Johnny Dowd. That’s Your Wife On The Back Of My Horse. Mother Jinx Records

A scrofulous screaming desert storm of guitar noise and a forlorn saloon bar piano are the first sounds you will encounter on That’s Your Wife On The Back Of My Horse, the latest album from Ithaca’s Johnny Dowd. Amid this maelstrom he gravely intones
“That’s your wife on the back of my horse. That’s my hand in your pocket. Around my neck is your mother’s locket. Your sisters will dance at my wake. Your brother will blow out the candles on my birthday cake. That’s your wife on the back of my horse.”
Sounding like the late William Burroughs howling in an electric dust storm Dowd immediately stakes his claim to be one of the most left field candidates in the field of Americana with this opening gambit. It might scare some folk away but for those who stay the course the album is a hell of a ride.
Dowd recorded most of the album himself playing guitar, bass and keyboards with an electronic drum kit and the whole was then mixed and produced by “voodooman” Matt Saccuccimorano. The end result is a gripping kaleidoscope of thrills that mixes Southern Gothic with synth sounds that fart and burp. Tales of the devil bump up against gangster braggadocio and cosmic weirdness. Listening to the album cinema references kept coming to mind, Repo Man, The Man Who Fell To Earth, Wise Blood, all mutated and mashed in Dowd’s leering imagination. As on his last Album, Do The Gargon, Dowd adopts various musical styles, sixties TV cop themes in Cadillac Hearse and Iggy Pop’s The Passenger on The Devil Don’t Bother Me while Words are Birds is reminiscent of Snakefinger’s work with the Residents. This might all sound on paper a bit of a mess but Dowd has a firm hand on the tiller, his voice and drawl, deranged, modified, discombobulated throughout, cuts through and is immediately recognisable.
The lyrics for the title song are inspired by the boasting of Johnny Guitar Watson on Gangster of Love where he baits a sheriff saying, by the way, that’s your wife on the back of my horse. This cocksure bravado is revisited on the buzzed up funk of White Dolemite, a nod to a Blaxploitation movie from the seventies which gets down and dirty with Anna Coogan singing hot pants, he needs a spanking throughout as Dowd lists his love powers and is then updated on the rap of My Old Flame. Coogan turns up again on Poor, But Proud, a defiant rail against poverty and aging. Delving into the South The Devil Don’t Bother Me is an awesome mix of Teutonic synth discipline and Baptist hell fearing belief while Empty Purse is a nightmarish whirligig fairground ride of a song that again reminds one of a cinematic equivalent, in black and white, the carousel out of control in Hitchcock’s Stranger On A Train or the scenes where Janet Leigh is drugged in Welles’ Touch Of Evil. Whatever, it is scary. Akin to this is the voodoo soaked tale of Female Jesus who makes her living on her back and who used to play in a punk rock band, a succubus to avoid surely but the song sucks one in.
In the midst of all of this musical mayhem there’s an absolute nugget of a song that encapsulates the album. Why is, on the face of it, a lonesome love story that is played relatively straight as far as the rest of the songs go with a regular rhythm, country guitar stylings and a male female call and response. However the routine breakup stuff soon swoops into alien territory with the lyrics and the music climbing into cosmic consciousness. Ana Coogan appears again and her vocals are sublime as she pits her disembodied self against Dowd’s cowboy spaceman on what is the best song I’ve heard this year.
That’s Your Wife On The Back Of My Horse is available now and Dowd has a short tour in April and May, dates here.

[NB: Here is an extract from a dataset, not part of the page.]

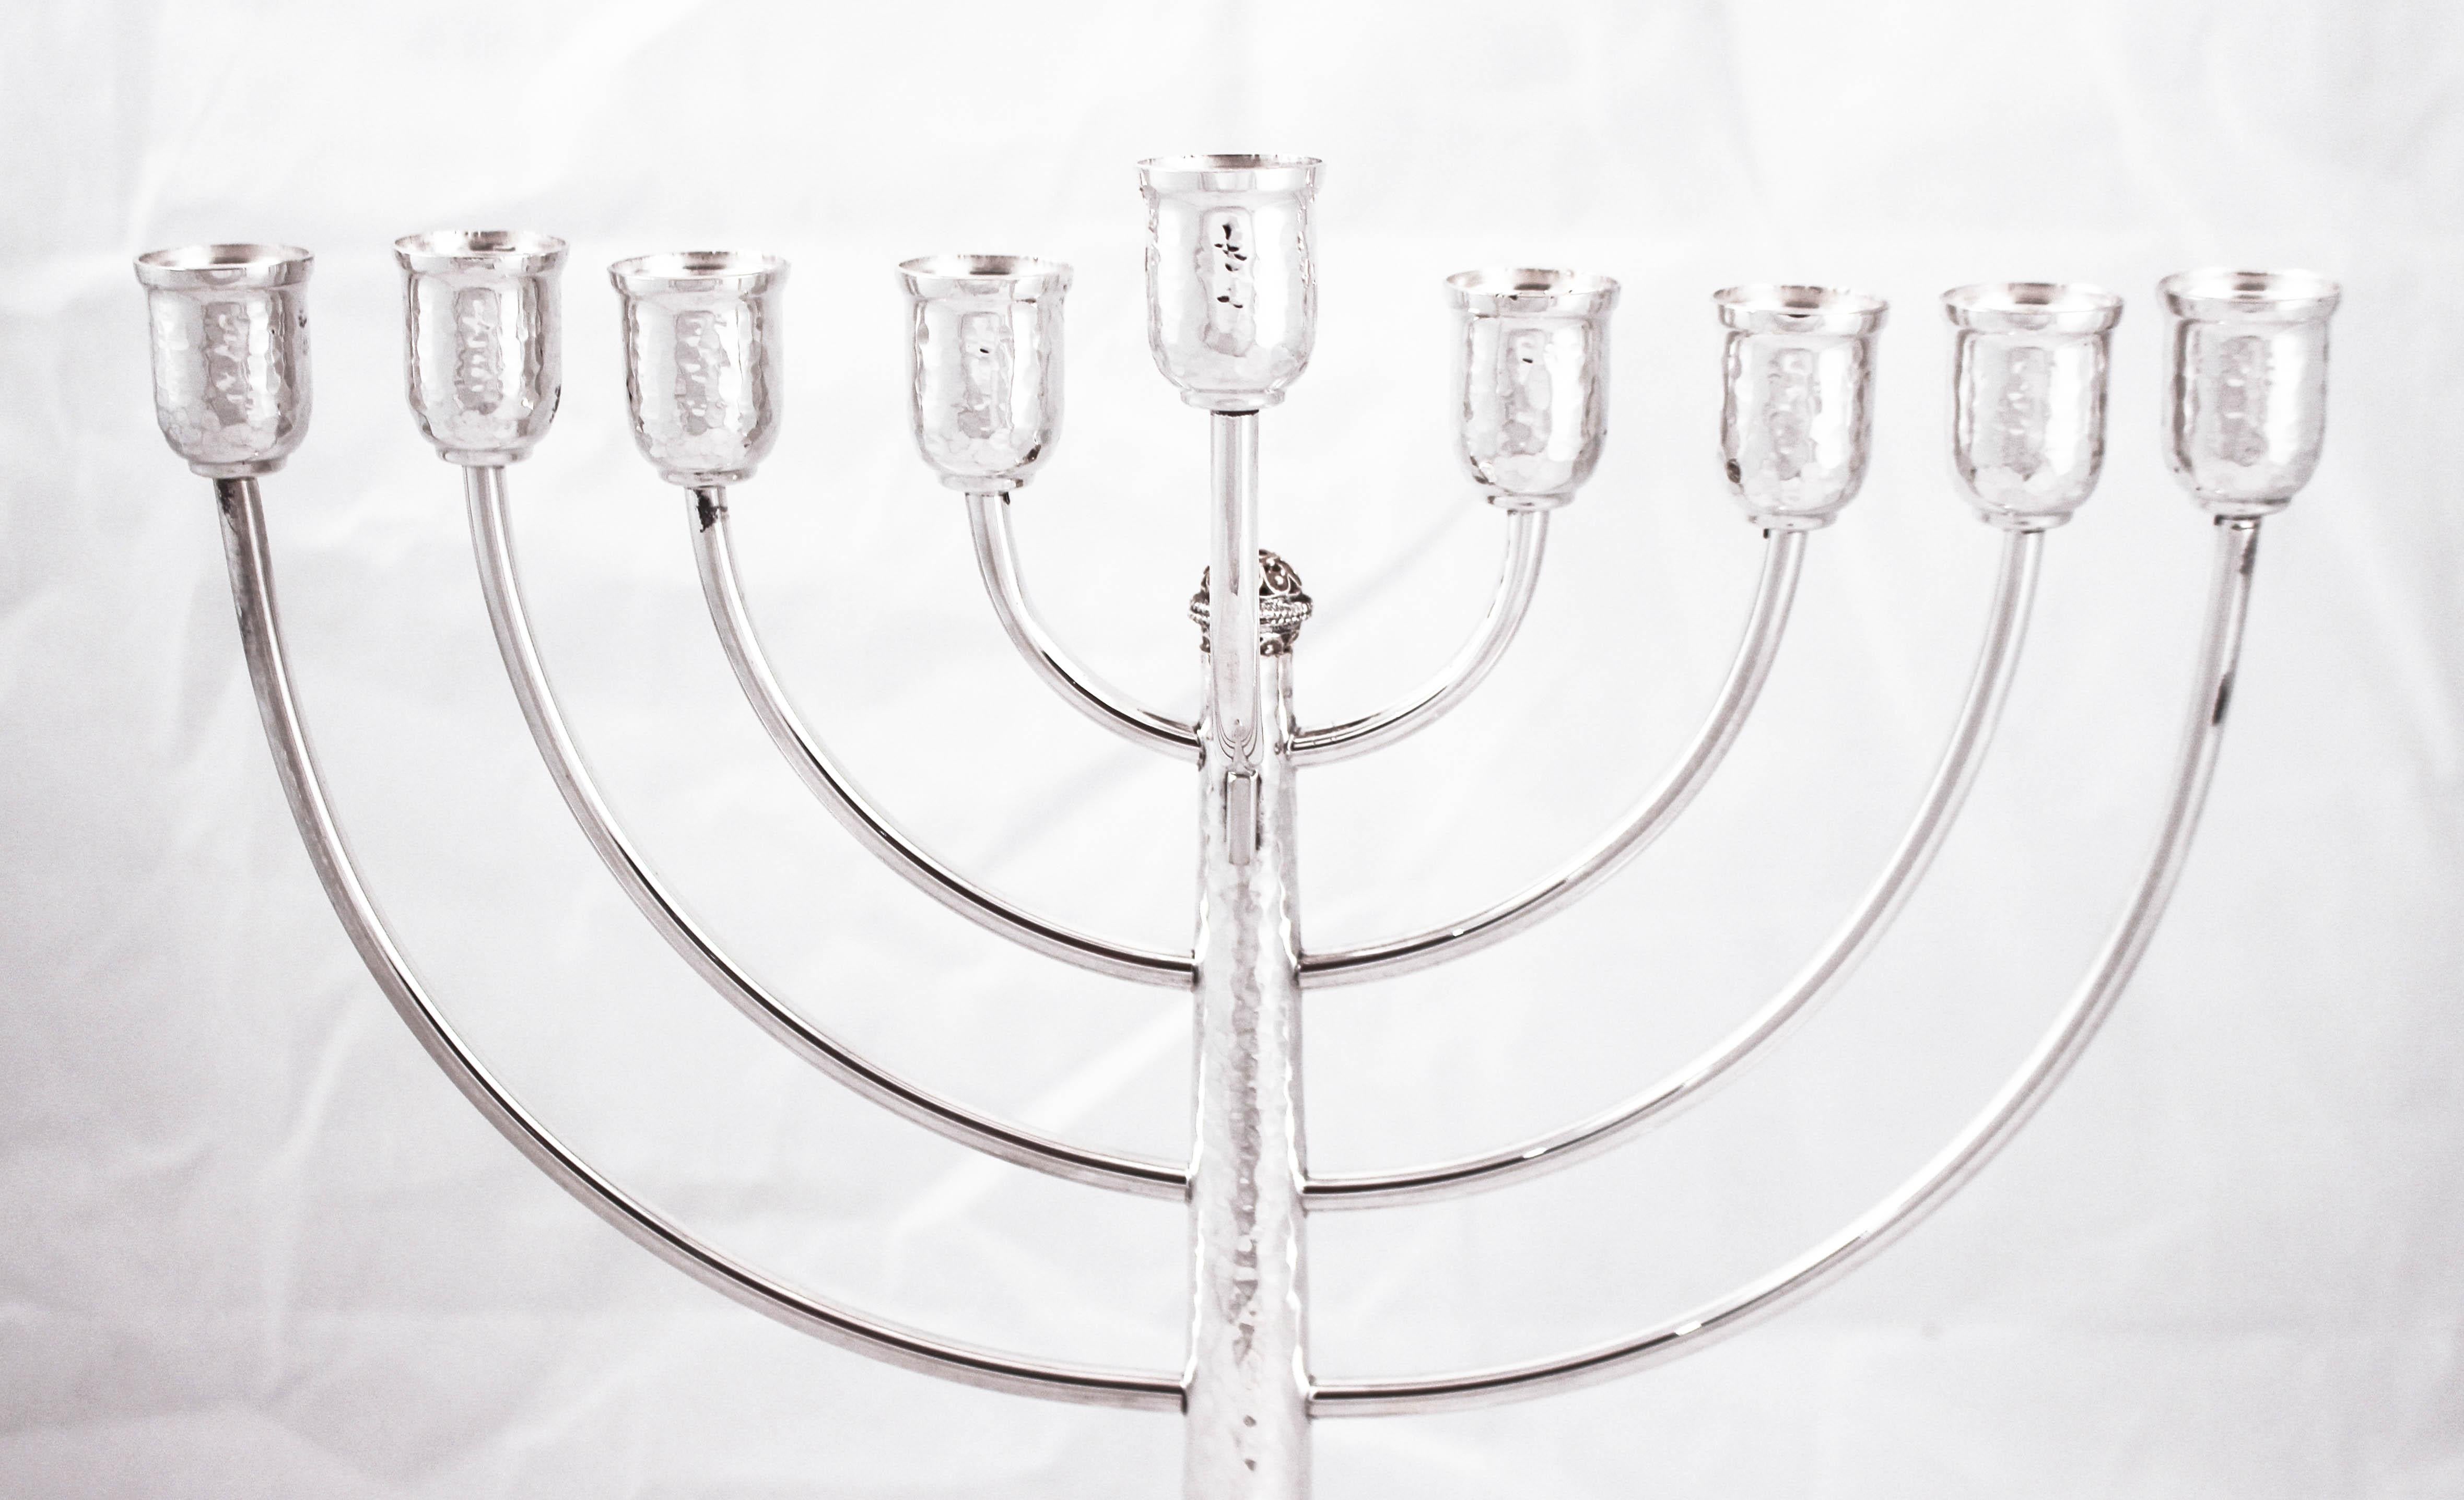 Wir freuen uns, diese Menora aus Sterlingsilber anbieten zu können, die in Israel hergestellt wird. Das Lichterfest, wie Chanukka oft genannt wird, wird durch das Anzünden der Menora in jeder der acht Nächte des Festes kommentiert. Was gibt es
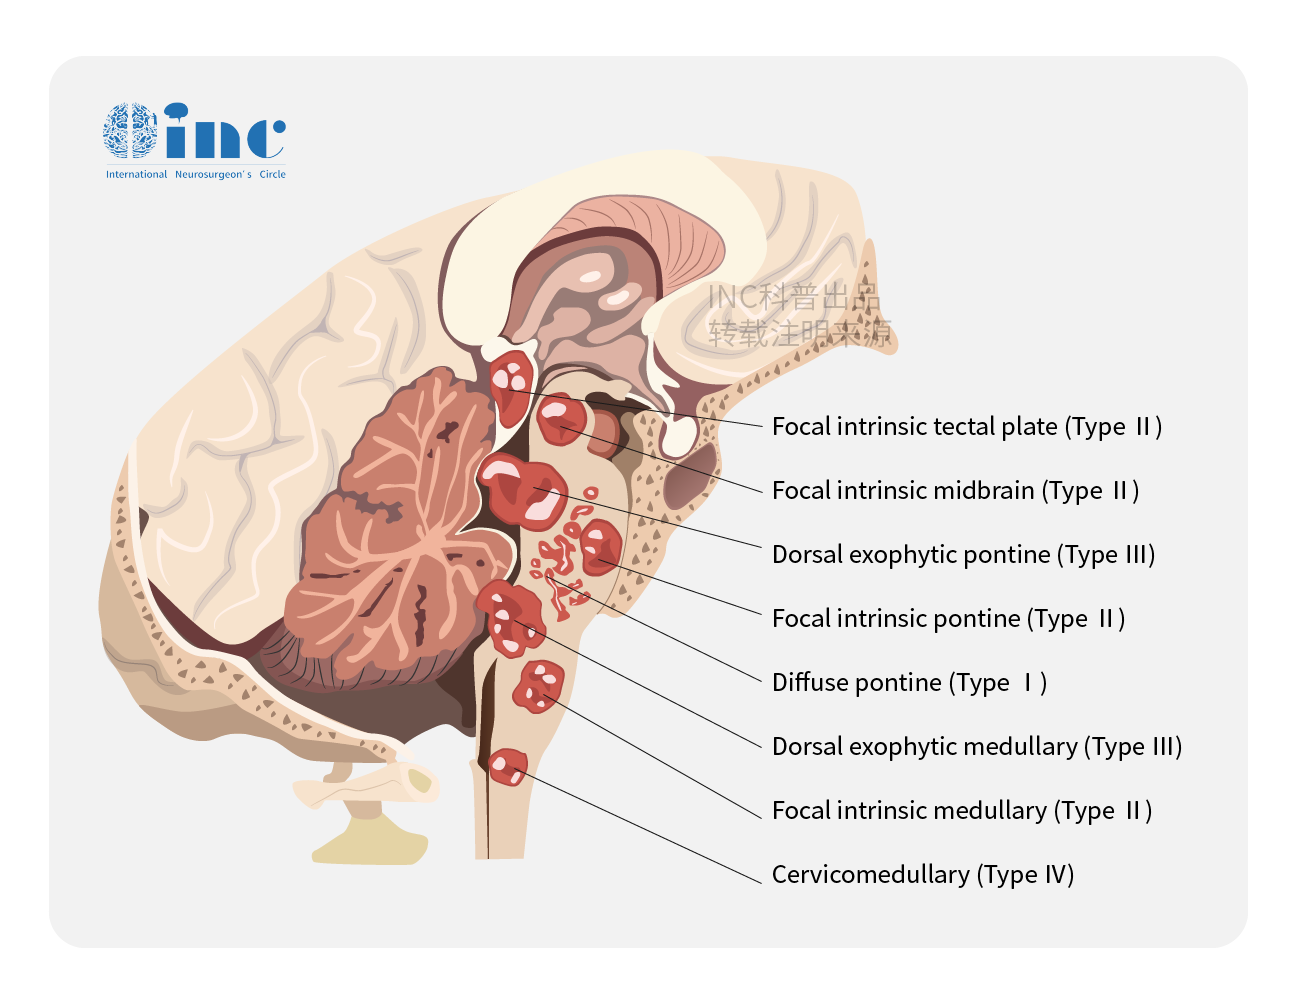 典型脑出血病例分享（含CT及MRI） - 病例中心(诊疗助手) - 爱爱医医学网

8 thoughts on “Johnny Dowd. That’s Your Wife On The Back Of My Horse. Mother Jinx Records

  1. Wild bold courageous and cool. You have the courage to express yourself in this insane Gothic whatever it is… I think your Cool for laying yourself wide open for all the world to have their way with you…. You always did walk on the Tail of a Tiger. Keep it up. I love that you are so open with your emotions veiled in this Music. Your Oklahoma Critic. Lana.